But one striking difference about this year's batch should be noted: A wealth of third-party products and services has emerged to help companies jump-start green IT projects. Measuring and managing data center efficiency, launching large-scale recycling efforts, taking advantage of free cooling, and going paperless -- vendors are working to meet the needs of IT organizations seeking to capitalize on sustainable practices. That's good news for organizations that don't have the internal technical know-how to build such systems themselves.
That's not to say companies aren't innovating on their own to push the green envelope. Among this year's Green 15 winners, Intel's NUMA-Booster tool helped the company claim significantly higher performance from its servers. Fujitsu, meanwhile, devised an in-house tool to create a more optimal, energy-efficient layout for its data center.
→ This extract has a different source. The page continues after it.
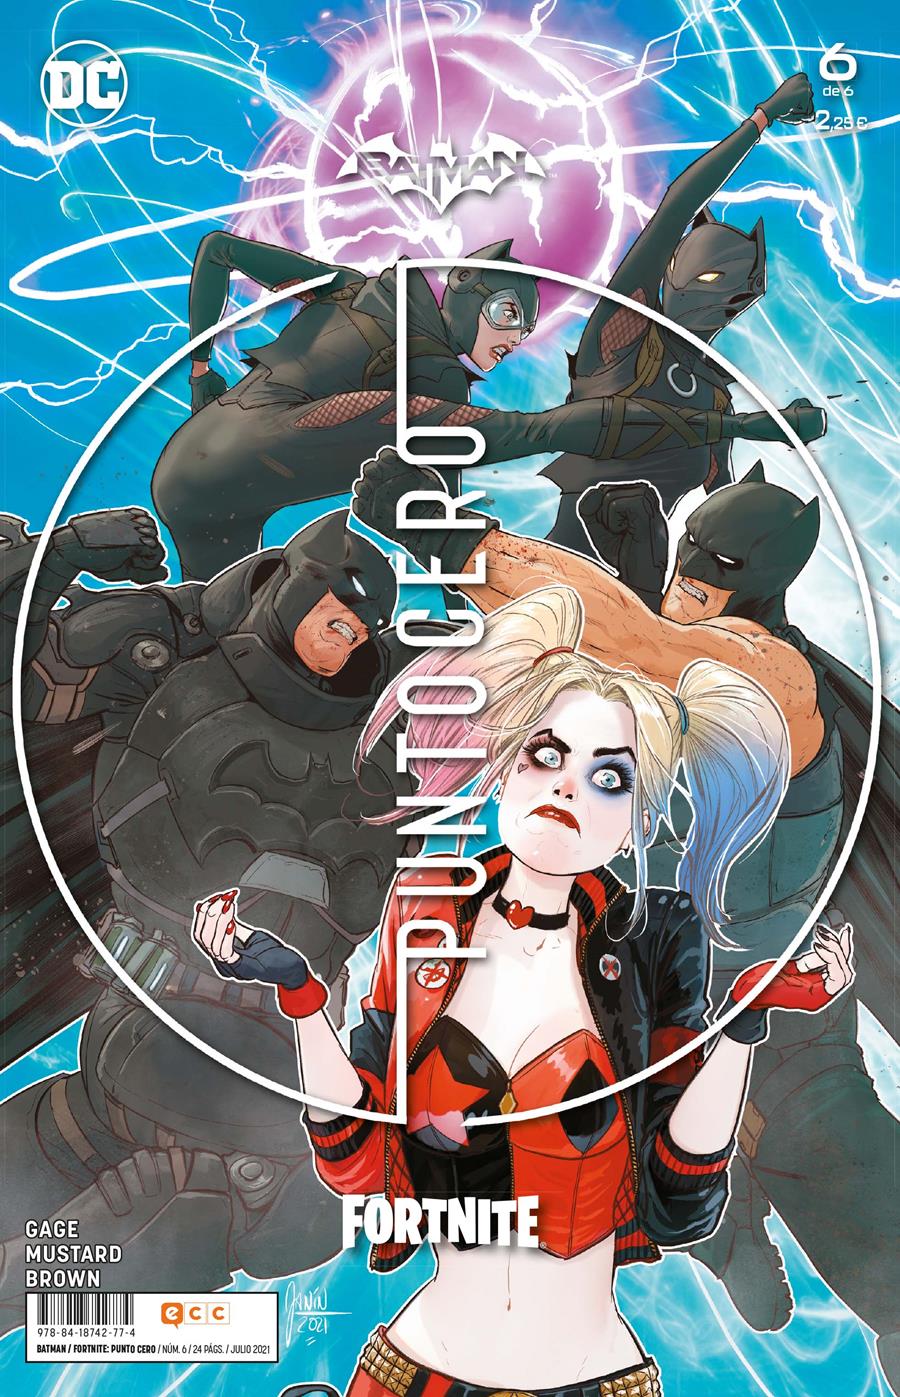 Batman/Fortnite: Punto cero núm. 6 de 6 | N0721-ECC98 | Christos N. Gage, Donald Mustard, Reilly Brown | Terra de Còmic - Tu tienda de cómics online especializada en cómics, manga y merchandising

Despite the increasing availability of full-featured green-tech products and services, green IT is still not fully plug-and-play. Reaping the fruits of green IT investments is still hard work, with many organizations struggling to get buy-in and participation from management and end-users alike. As with previous Green 15 projects, this year's group has proven successful in large part because they have managed to engage the whole organization to support their endeavors.
Hats off to the hard work and just rewards of this year's Green 15.
Aetna extended its paperless mandate to become the first health insurance provider to deploy electronic contract processing for physicians, hospitals, and other health care facilities.
Built on EchoSign e-signature technology, Aetna's system enables the insurance company to complete contracts with physicians without faxing or mailing stacks of paper forms back and forth for signatures.
In addition to meeting compliance, legal, and security requirements, the system has helped Aetna cut down contract processing times, from as much as three weeks to just two or three days. Users can track the entire lifecycle of contracts online, complete with access to a full audit trail.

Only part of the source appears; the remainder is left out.